The easiest way to share projects with other users is to share project backups:

On the source computer:

  1. In Profex click „Project –> Save project backup“ to create a *.zip file with all required scan, control, structure, and instrument files.
  2. The name of the created file will be shown in the „Refinement Protocol“ console.
  3. Share the *.zip file with the recipient.

On the recipient’s computer:

  1. Save the received *.zip file at the location where you want to process it.
  2. In Profex click „File –> Open Project Archive…“ to open the *.zip file.
  3. Run the refinement.

The *.zip file will be extracted and the file formats will be converted to the target platform’s text file format.

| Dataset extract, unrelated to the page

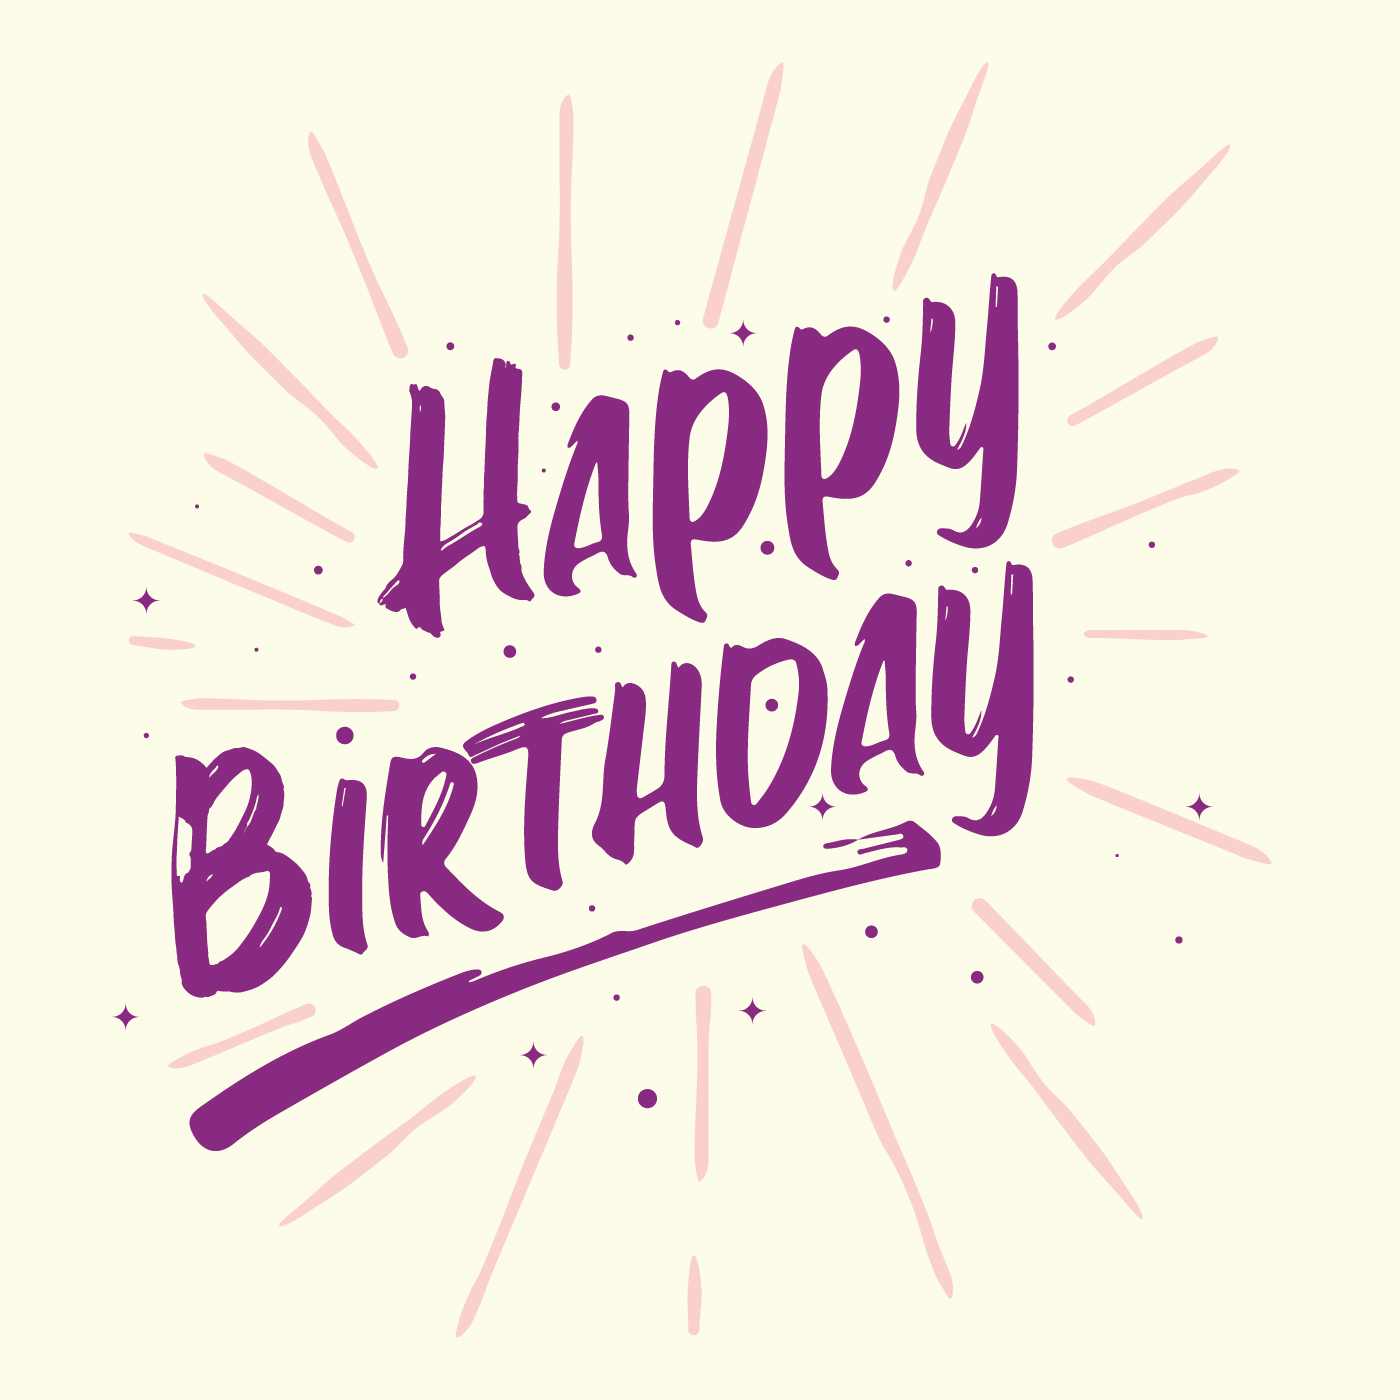 happy birthday beautiful greeting card poster 545683

How can I share refinement projects between Windows and OS X / Linux platforms?

Opening a refinement project created on one platform (either Windows or OS X / Linux) on another platform (OS X / Linux or Windows) will cause an error message as soon as the refinement is started. This is due to the fact that both types of platforms use different characters for line endings in text files, and BGMN only accepts the format native to the platform it is used on.

To avoid these error messages, use the backup feature to share projects as described here. It automatically converts the files to the target platform.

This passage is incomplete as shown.